- **WHAT THIS TASK INVOLVES**:
Every line of the listing below is to be repeated exactly; the pictures stay out.

- **DATA PROVIDED**:
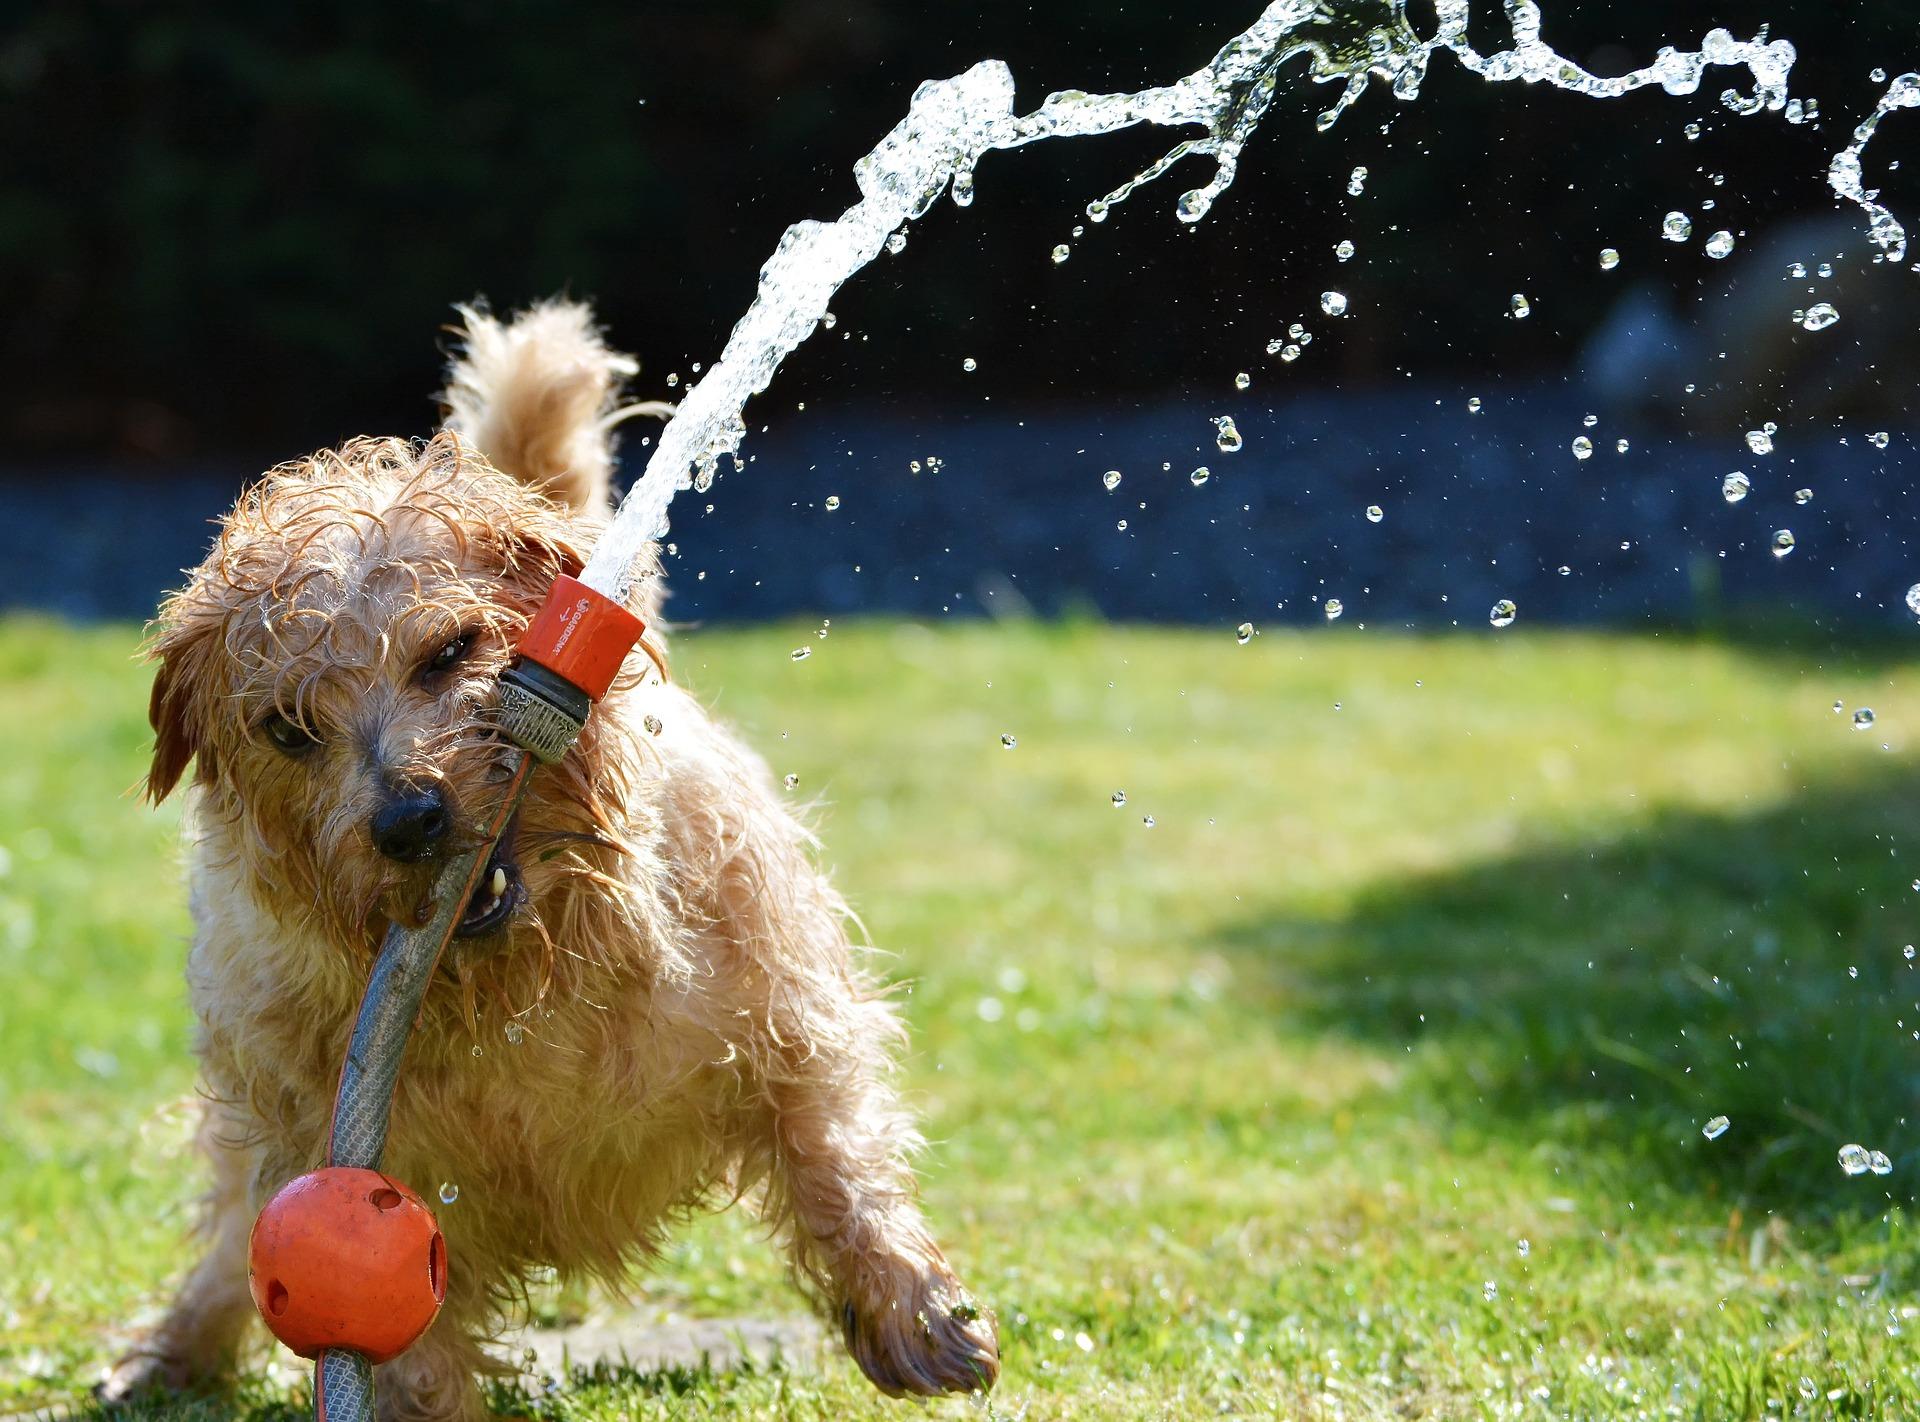 cane, Giardino, Terrier, divertimento, tubo flessibile - Sfondi HD - Professor-falken.com
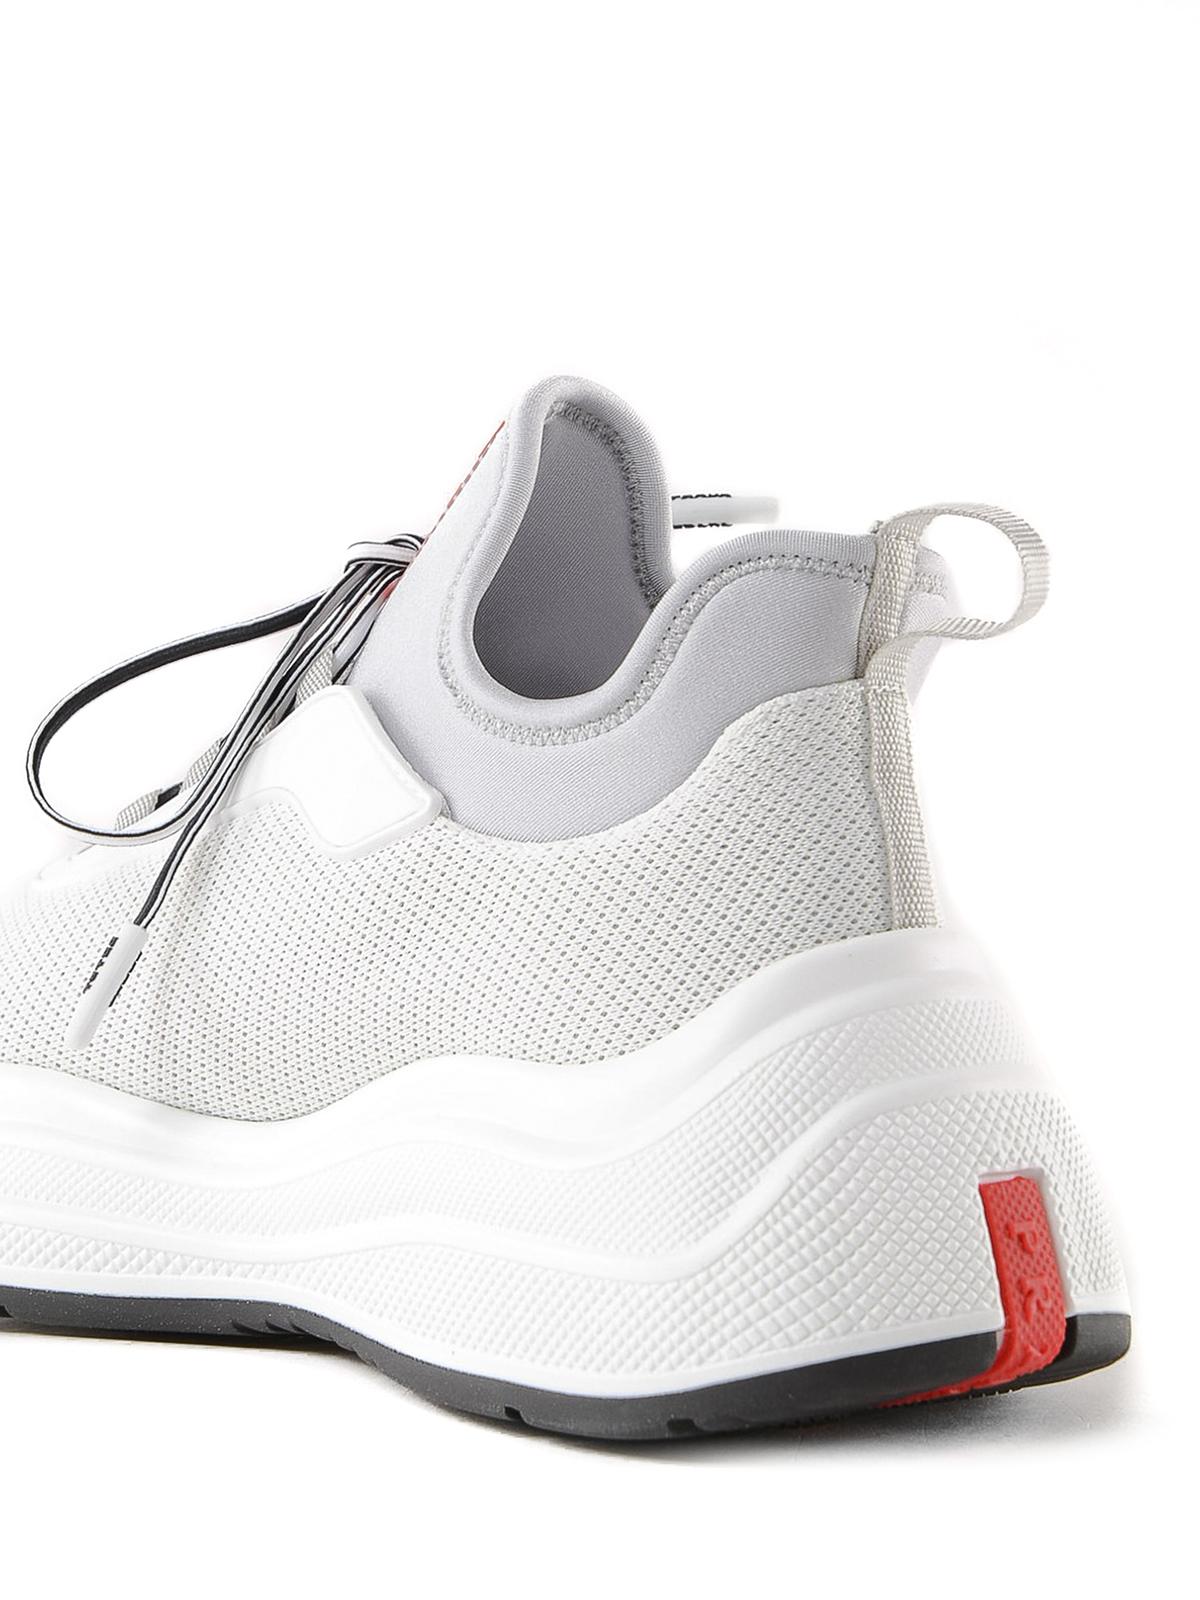 Prada - Mesh sneakers with chunky sole
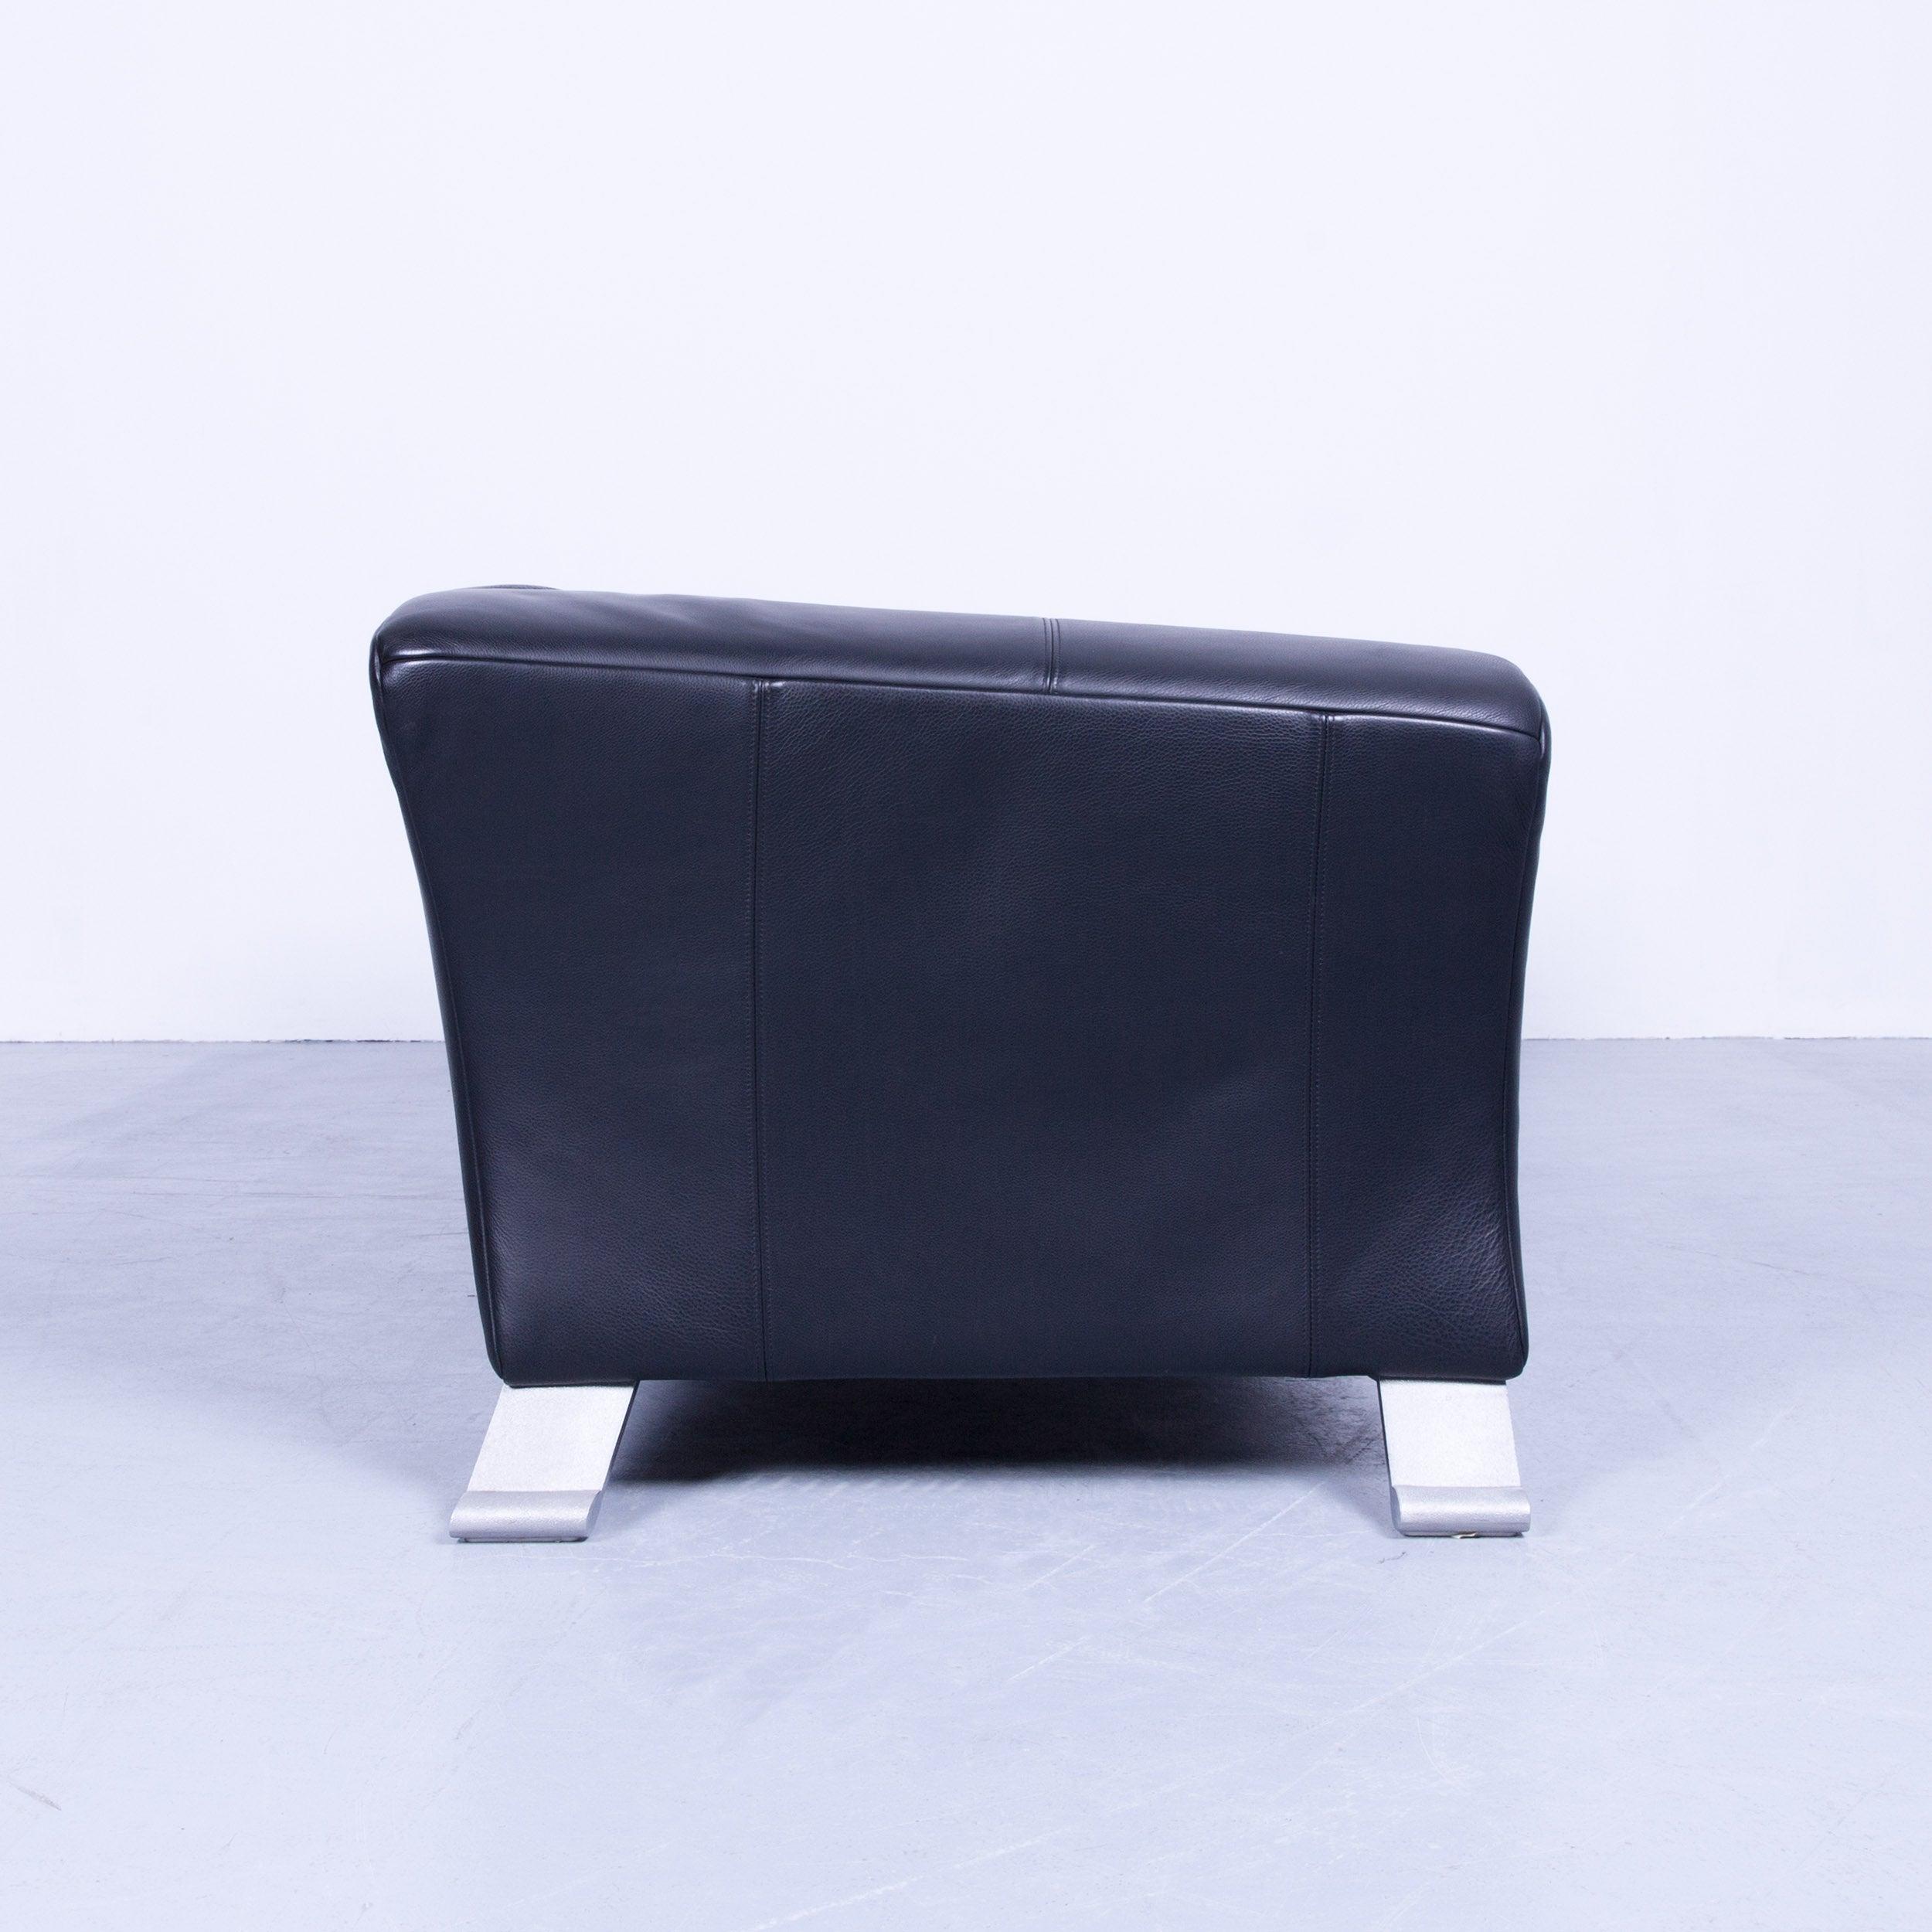 Rolf Benz Sofa Leder. Rolf Benz Designer Leather Sofa Black Three ...

- **COMPLETED TASK**:
 cane, Giardino, Terrier, divertimento, tubo flessibile - Sfondi HD - Professor-falken.com
 Prada - Mesh sneakers with chunky sole
 Rolf Benz Sofa Leder. Rolf Benz Designer Leather Sofa Black Three ...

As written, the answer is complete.